If the centroid of a triangle formed by the points (0, 0), (cos θ, sin θ) and (sin θ, − cos θ) lies on the line y = 2x, then write the value of tan θ.

Answer 1

The centroid of a triangle with vertices \[\left( x_1 , y_1 \right), \left( x_2 , y_2 \right)\text { and } \left( x_3 , y_3 \right)\] is given below: \[\left( \frac{x_1 + x_2 + x_3}{3}, \frac{y_1 + y_2 + y_3}{3} \right)\].
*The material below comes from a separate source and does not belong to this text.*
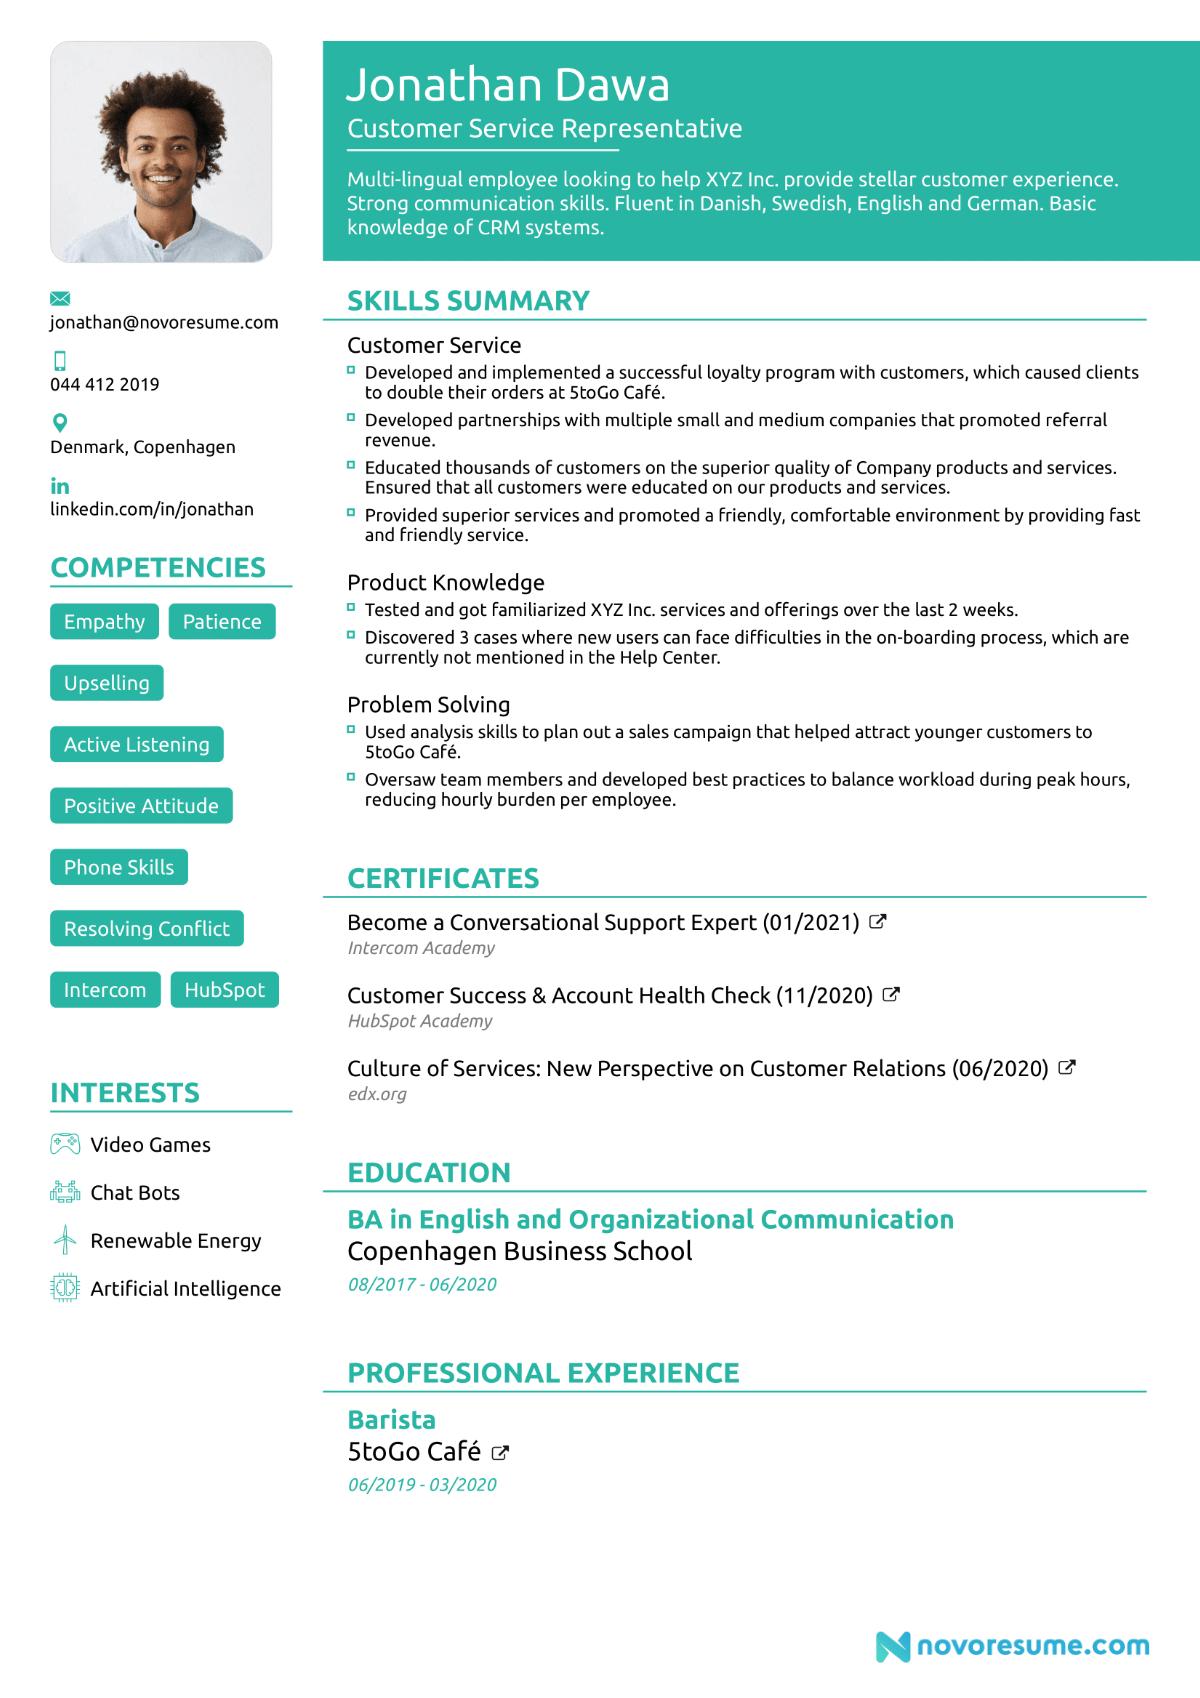 career change cv structure
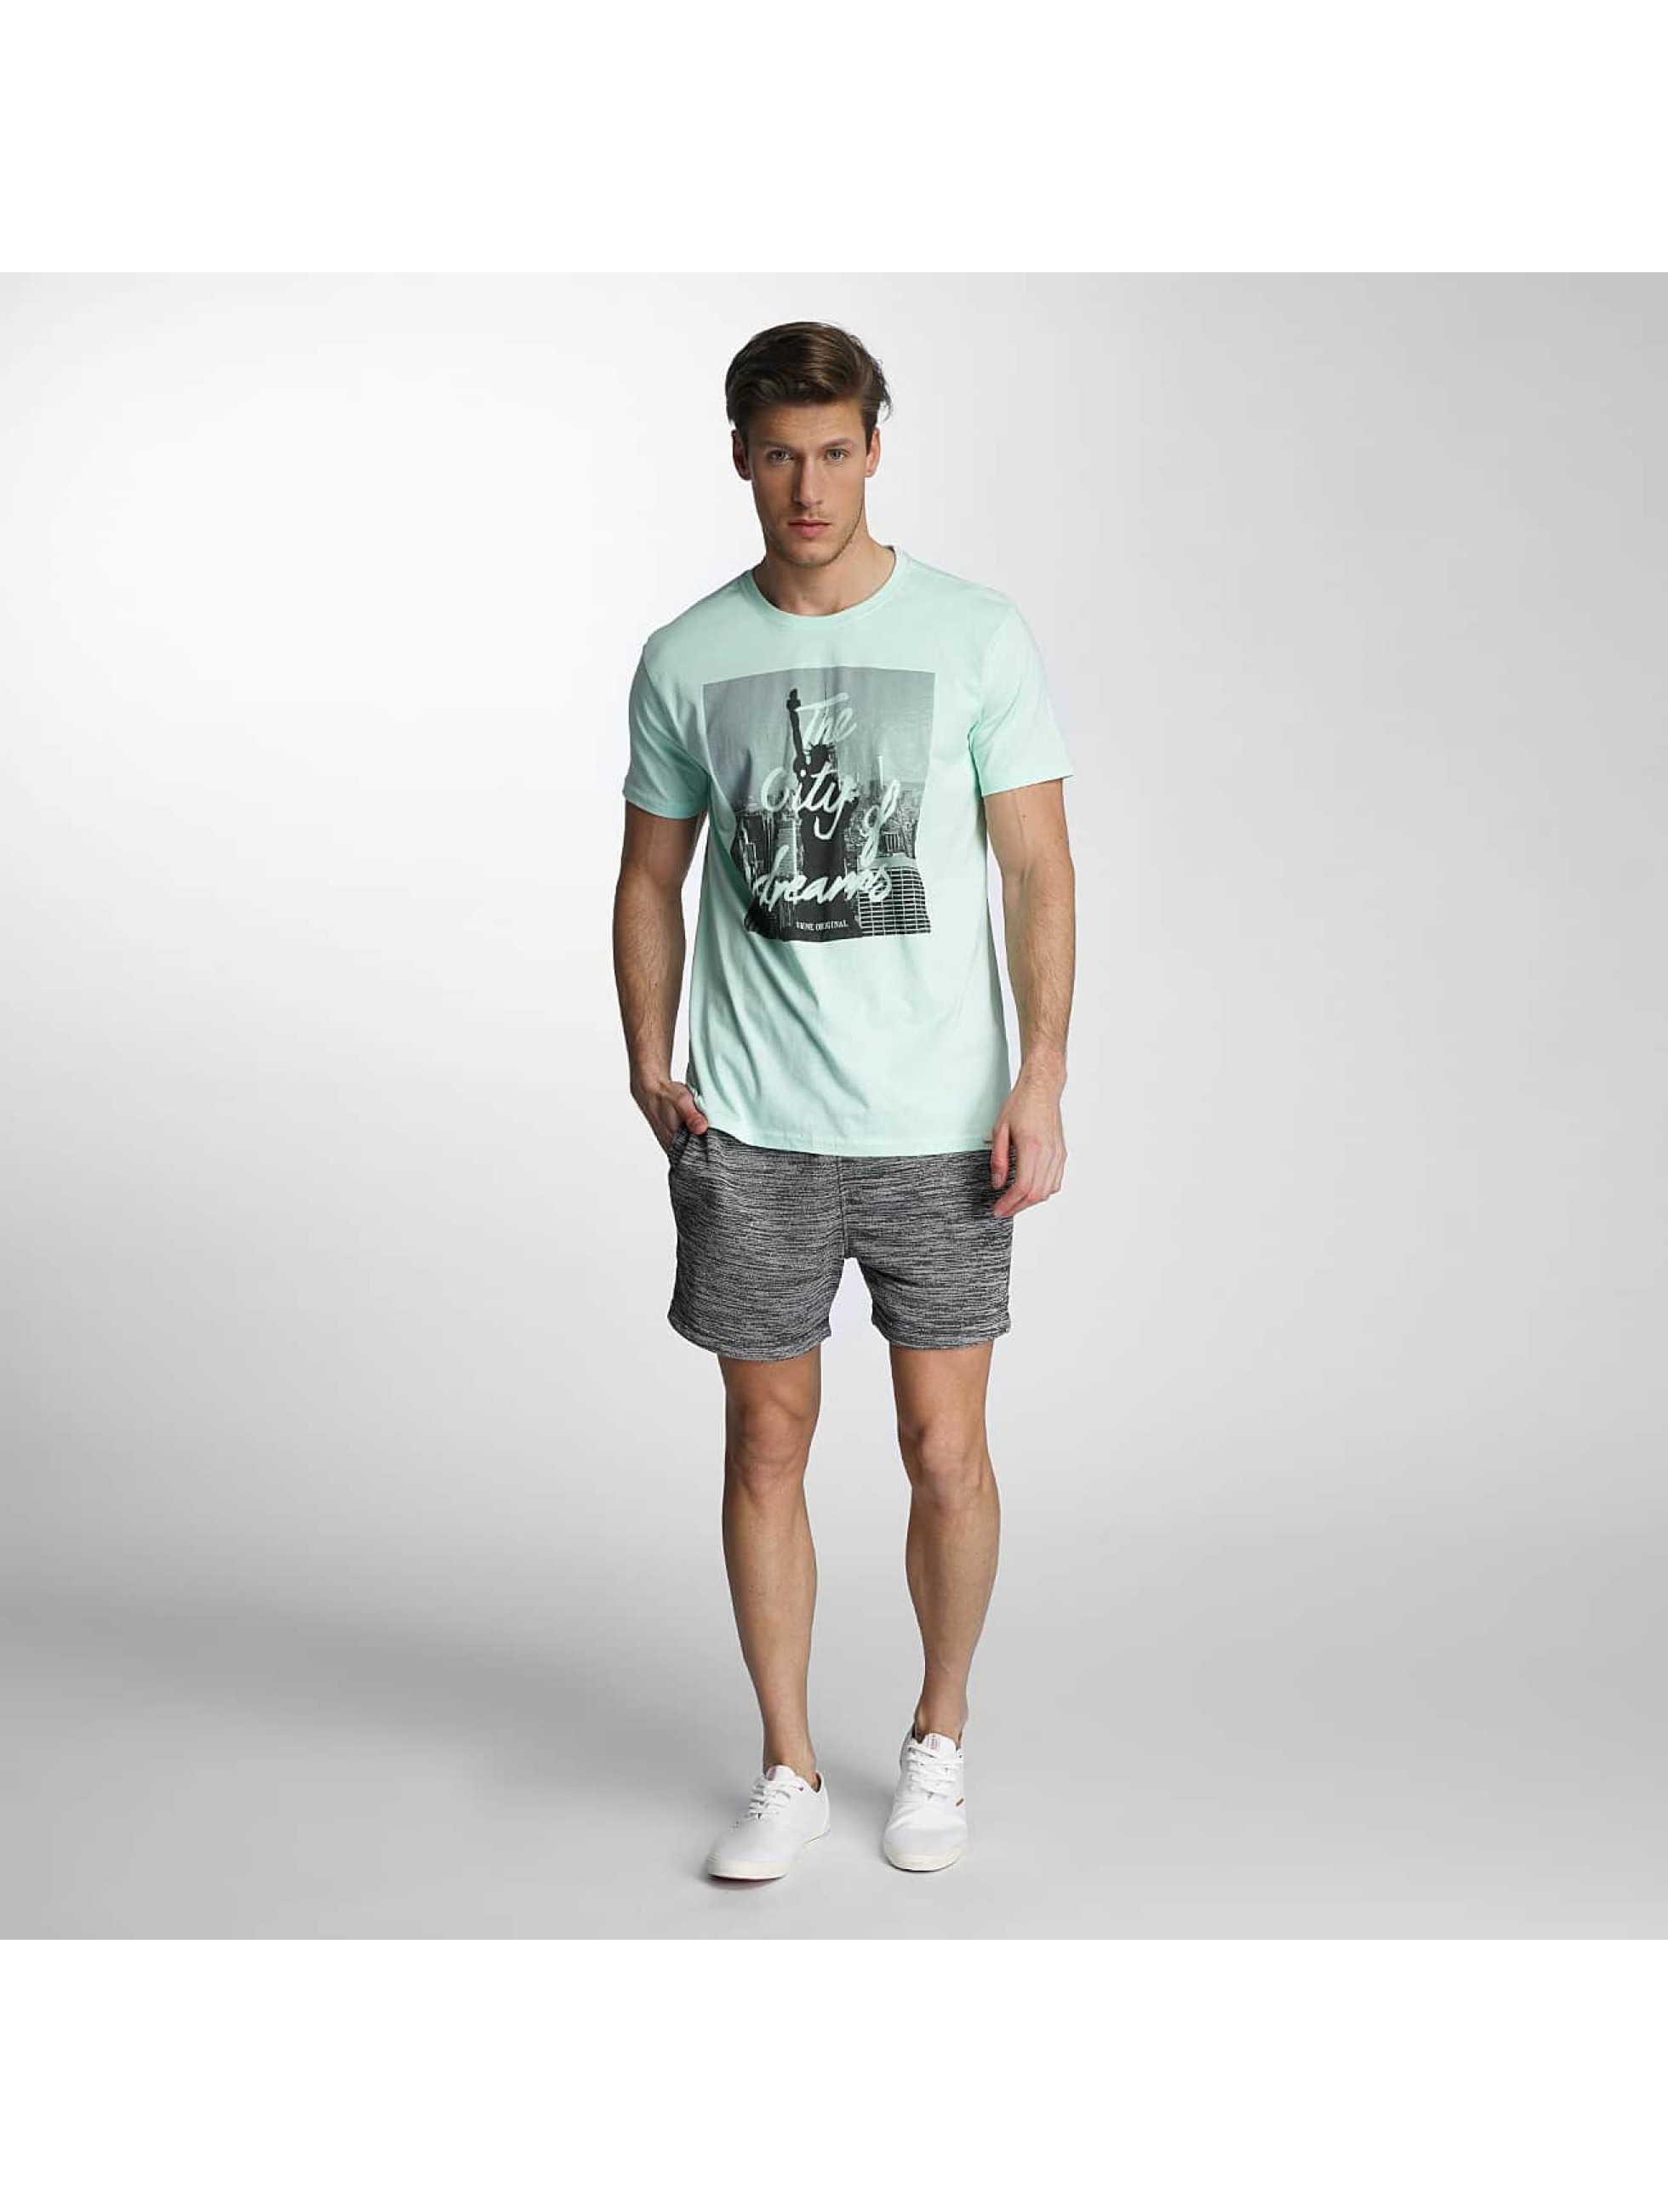 SHINE Original T-Shirt City Lane vert

Therefore, the centre of the triangle having vertices (0, 0), (cos θ, sin θ) and (sin θ, − cos θ) is

\[\left( \frac{0 + cos\theta + sin\theta}{3}, \frac{0 + sin\theta - cos\theta}{3} \right) \equiv \left( \frac{cos\theta + sin\theta}{3}, \frac{sin\theta - cos\theta}{3} \right)\]

This point lies on the line y = 2x. 

\[\frac{sin\theta - cos\theta}{3} = 2 \times \frac{cos\theta + sin\theta}{3}\]

\[ \Rightarrow sin\theta - cos\theta = 2cos\theta + 2sin\theta\]

\[ \Rightarrow tan\theta = - 3\]

∴ tanθ = −3